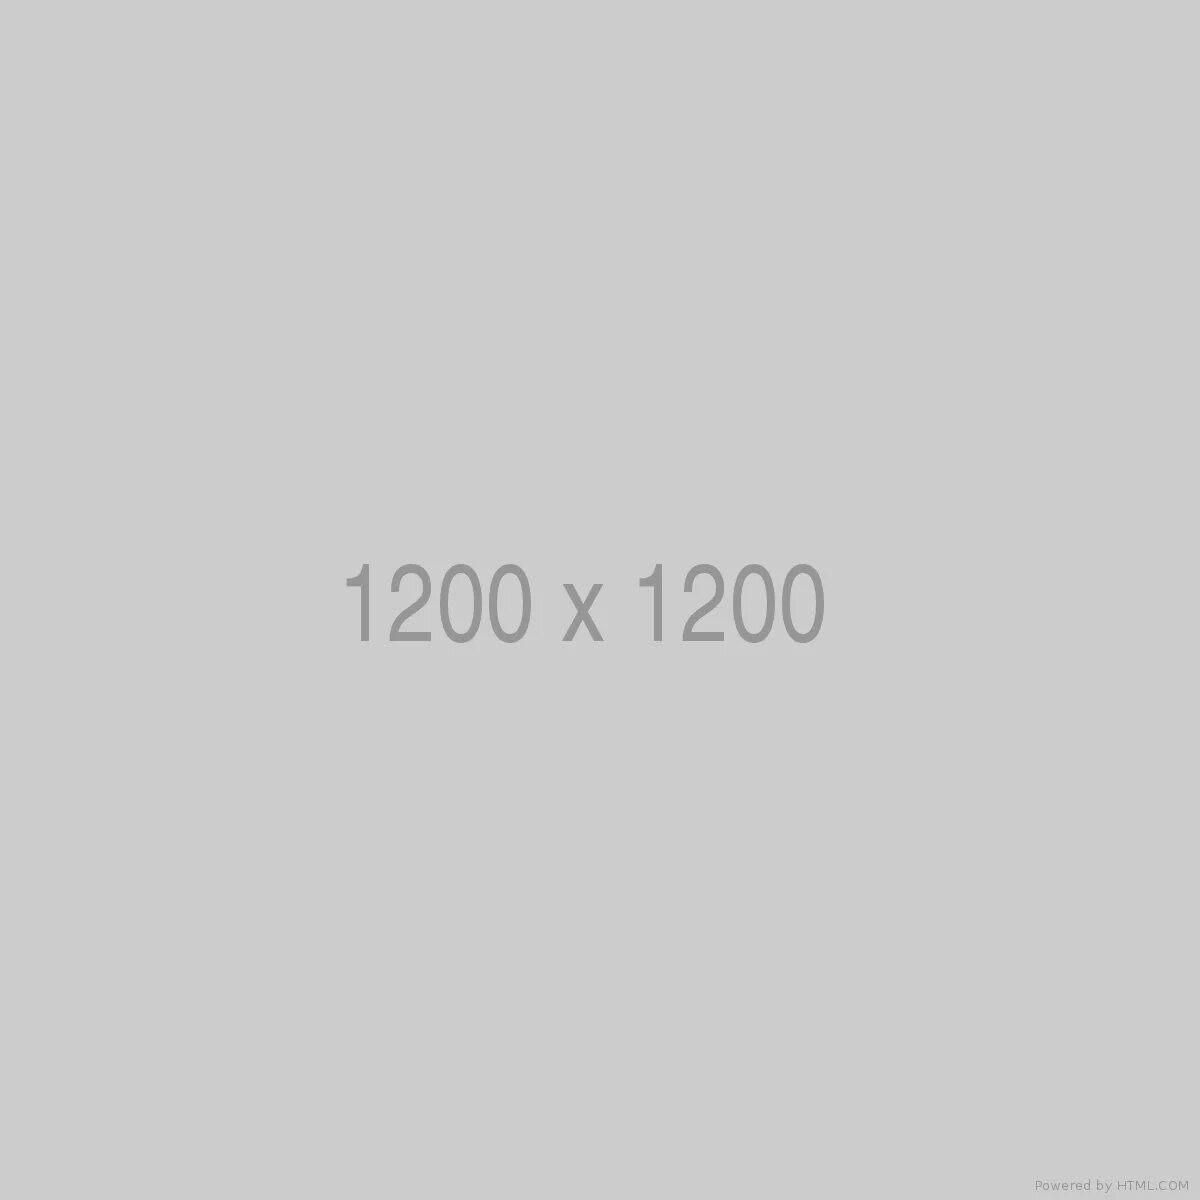 Лист 10 200 200. 200 На 200. 200 На 200 пикселей. Изображение 200x200. 200x200 картинки.
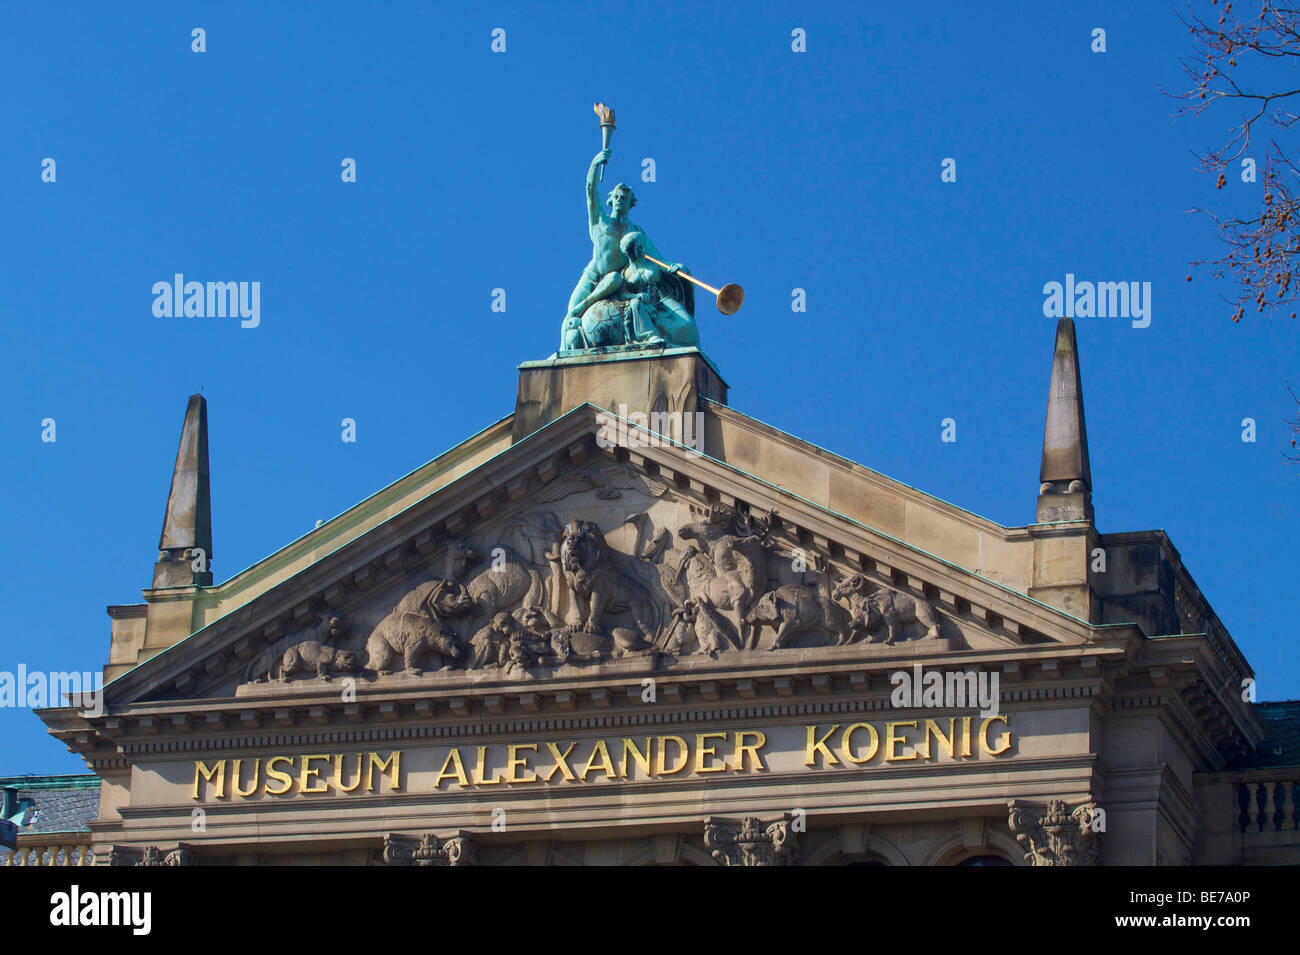 Alexander Koenig Museum, Zoological Research Museum, Bonn, North Rhine-Westphalia, Germany, Europe Stock Photo
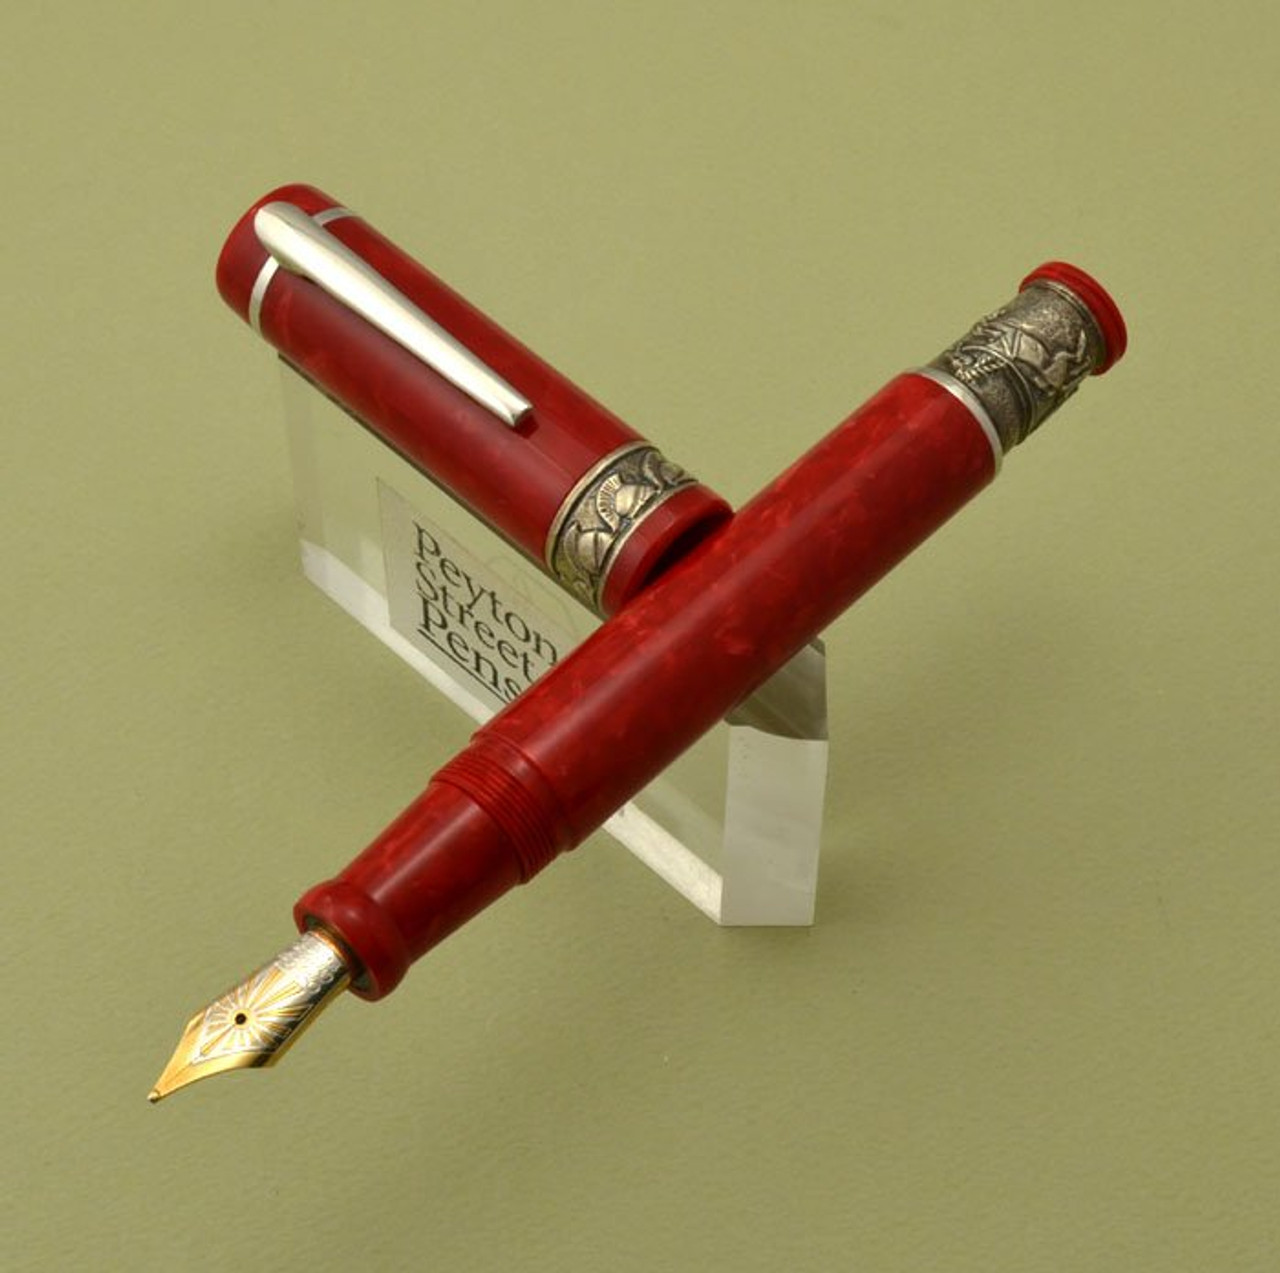 Delta Julius Caesar Ltd Ed Fountain Pen - Cartridge/Converter Version, 18k Broad Nib (Mint)
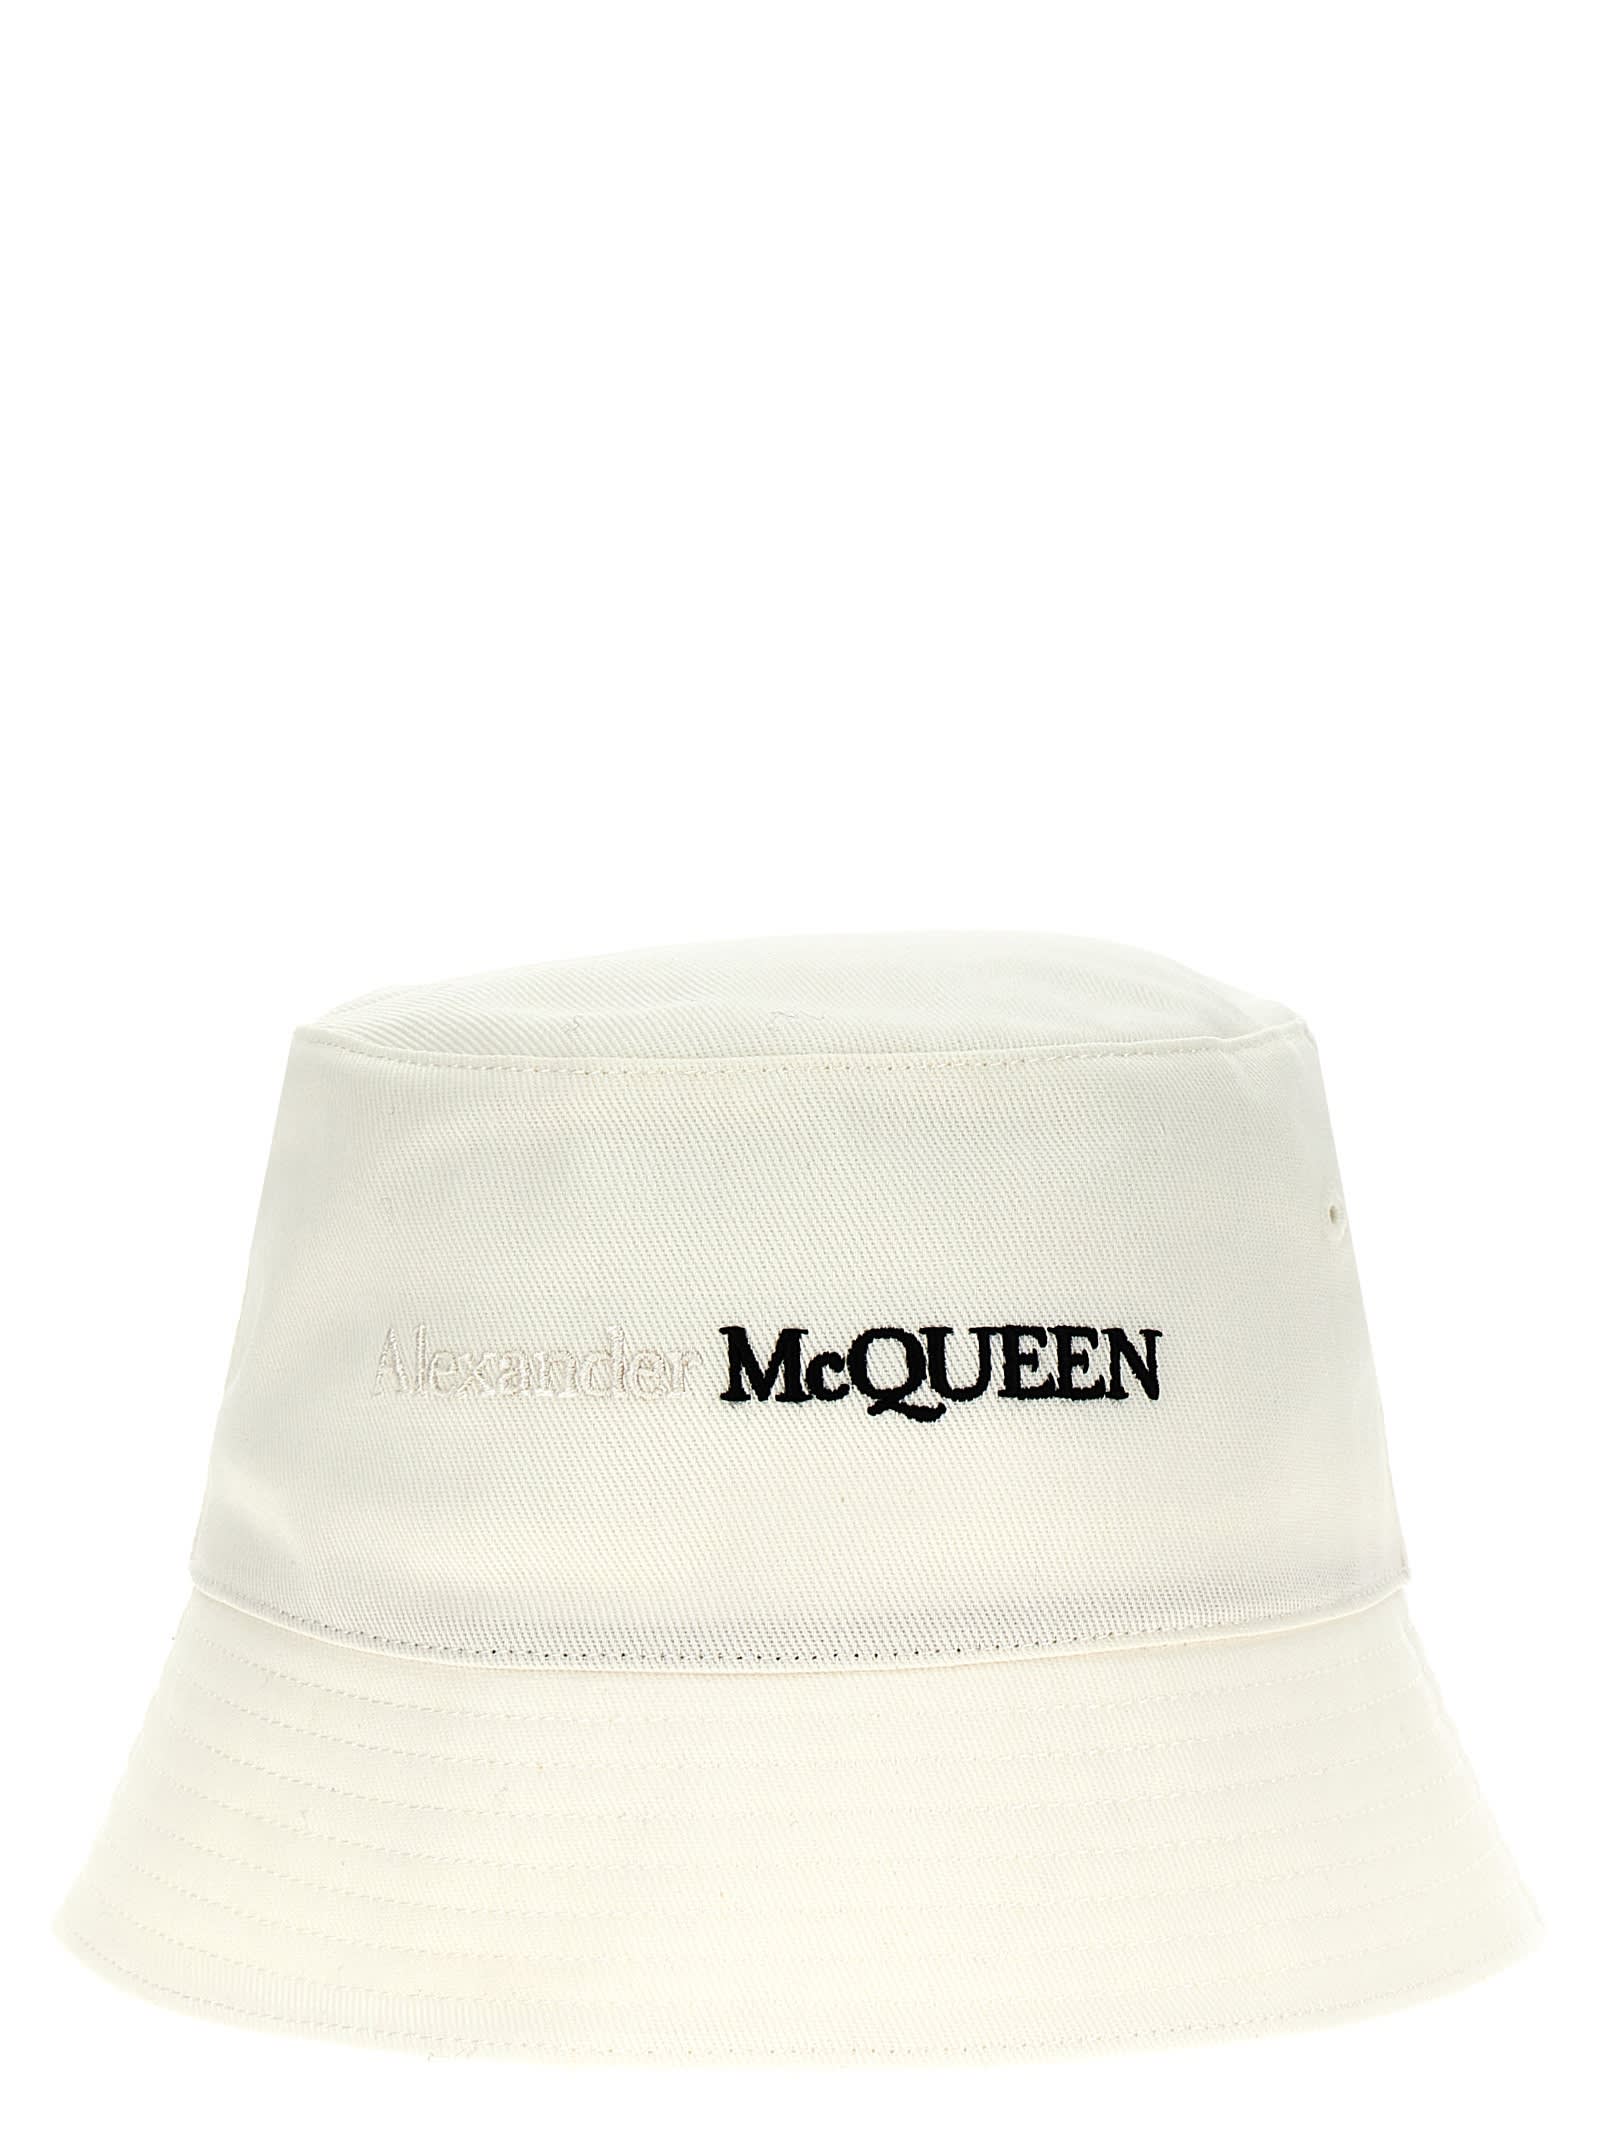 Alexander Mcqueen Logo Bucket Hat In White/black

================

▶ [TASK OBJECTIVE]:
The lines to copy run from the line containing "Alexander Koenig Museum, Zoological" through the end of the data above; copy exactly those, minus the pictures.

▶ [OUTPUT OF THE TASK]:
 Alexander Koenig Museum, Zoological Research Museum, Bonn, North Rhine-Westphalia, Germany, Europe Stock Photo
 Delta Julius Caesar Ltd Ed Fountain Pen - Cartridge/Converter Version, 18k Broad Nib (Mint)
 Alexander Mcqueen Logo Bucket Hat In White/black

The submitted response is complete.